Но на неконтролируемой, как казалось Лопареву, ни красными, ни белыми территории появилась банда. 30 октября 1919 года начальник Березовской уездной милиции Н.Н. Кислицкий доложил начальнику гарнизона г. Березова поручику С.Г. Витвинову: «…23 октября с.г. в с. М. Атлым прибыл пароход «Смелый» — Колупаева. К пароходу по службе, не подозревая ничего, явился помощник участкового начальника Гордеев. На палубе парохода он застал вооруженного солдата, который, обращаясь к Гордееву, сказал, что его требует в каюту начальник отряда. В каюте Гордеев застал сидящим на койке в военной форме солдата, изображающего из себя начальника. В его руках был револьвер и ручная граната, и тут же пулемет. Выяснив у Гордеева обстановку в селе, он объявил об аресте. Обезоружив Гордеева и приставив к нему стражу, банда направилась в село, где арестовала милиционера Козьмина и агента Закупсбыта Танина, а также произвела ограбление: у Андрея Прокопьевича Андреева 75 000 наличных денег, золотые, серебряные вещи, одежду и товары — всего на сумму до 200 000 рублей; у братьев Козьминых — 40 000 руб., у агента Танина кроме 140 000 руб. — ружье — бердана, дробовик, револьвер и одежды на сумму 3500 руб. Кроме того банда забрала у Гордеева 3 винтовки, 2 револьвера с патронами и 2 австрийских штыка в ножнах. Возвратившись на пароход, банда отпустила арестованных и отдала Гордееву отобранную у него шашку. Сами же грабители на пароходе отправились вниз по течению с намерением явиться в Большой Атлым, но, узнав, что там нет богатых людей, остановились в юртах Товаткурских, где переночевали, а наутро, забрав четырех остяков, заставили их под страхом смерти сопровождать на Лорбат, а оттуда держать путь на Гари.
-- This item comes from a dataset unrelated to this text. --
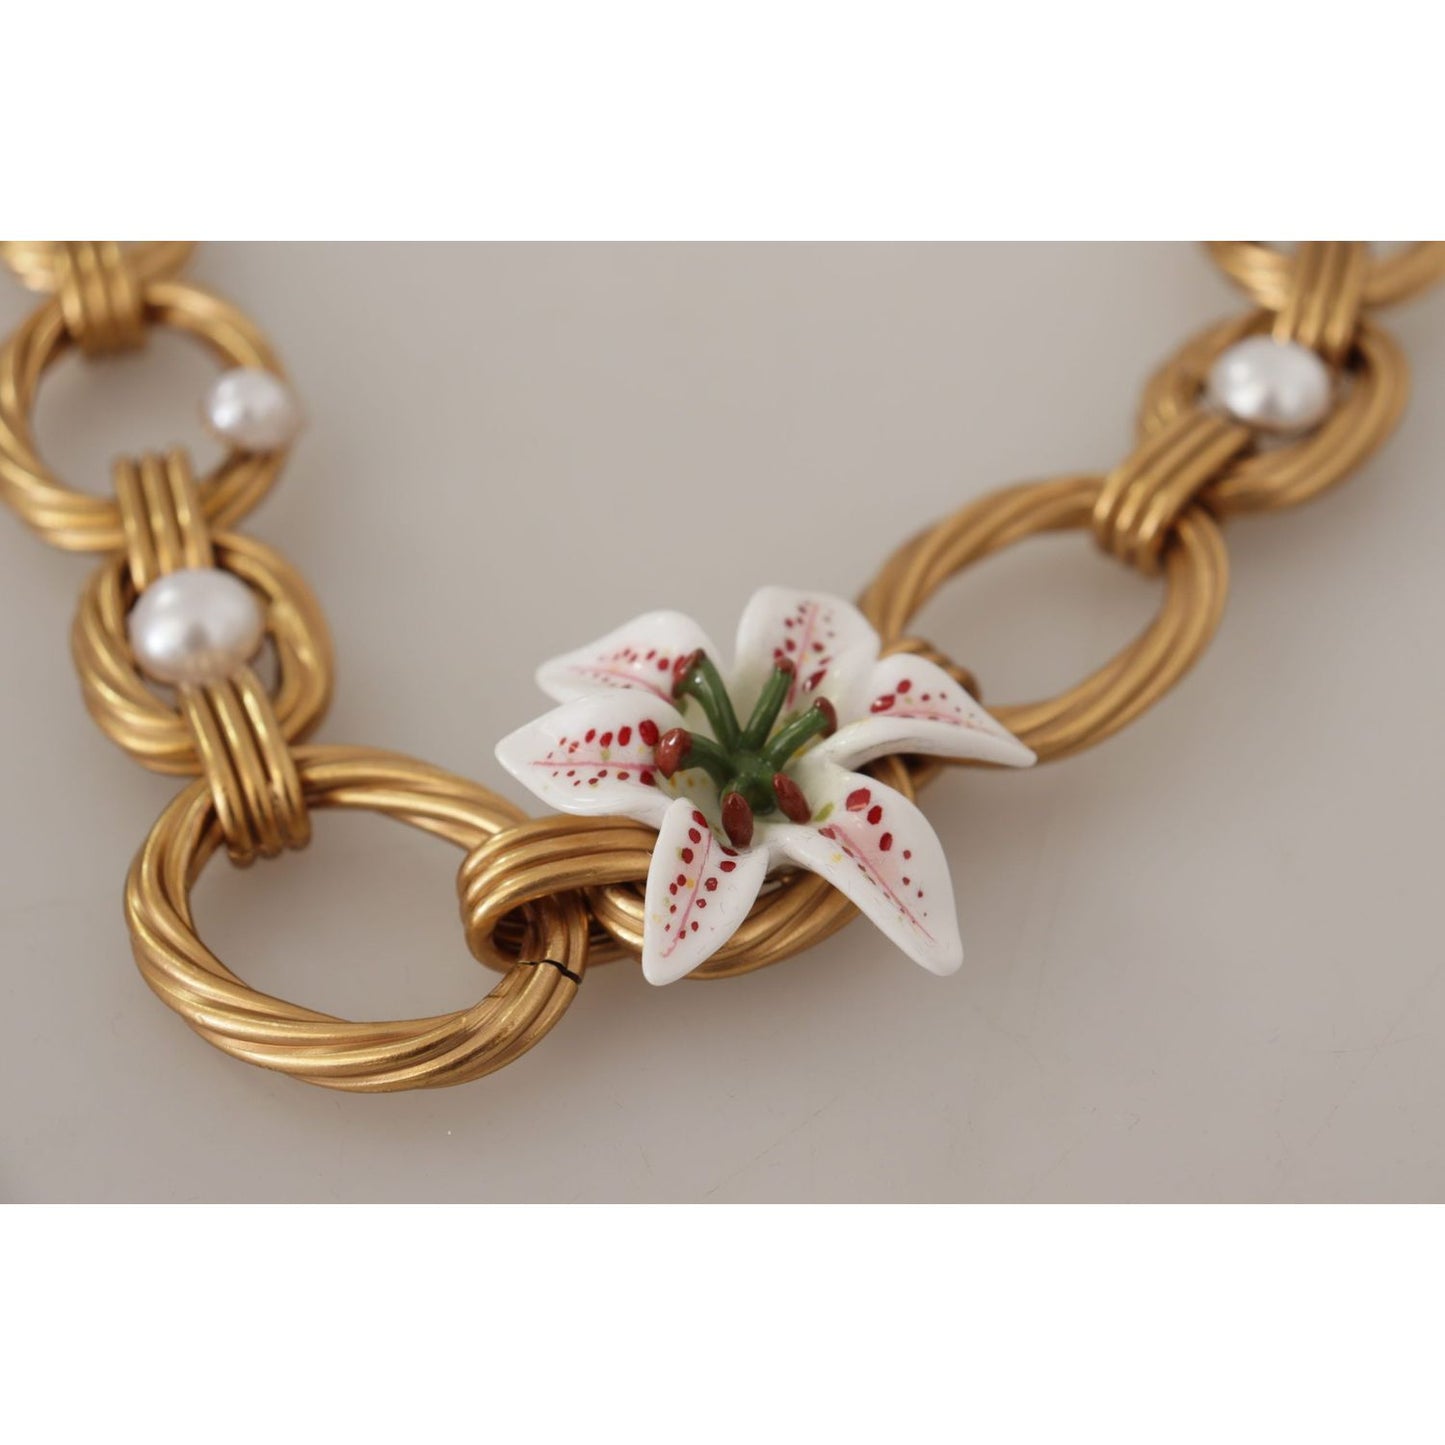 Dolce & Gabbana Elegant Gold Lilly Flower Pendant Necklace gold-white-lily-floral-chain-statement-necklace WOMAN NECKLACE IMG_3810-scaled-0fad5c61-67a.jpg

Банда состояла из 13 человек и была вооружена винтовками, револьверами «наган» и «браунинг», ручными гранатами и одним пулеметом. При этом участковый милиции Дуркин сообщил, что эта банда вышла из проточных юрт Ахтенских из Конды 22 октября с.г., завладела пароходом «Смелый» и в селе Елизаровском произвела у Колупаева ограбление 15 000 руб. наличных денег, хлеба и меда, а затем зашла к местному жителю Александру Слободскову, представилась ему карательным отрядом, выпытала у него сведения, а затем, закусив и попив у него чаю, произвела ограбление на сумму до 20 000 руб. Слободсков оказал сопротивление банде, за что грабители проломили ему голову в трех местах…»

А у Лопарева «поведение Красной армии в Тобольске, упорно не продвигающейся на Север, вызывало тревогу и неуверенность. Неизвестно было также, что будут делать белые с Березовского и Сургутского направлений».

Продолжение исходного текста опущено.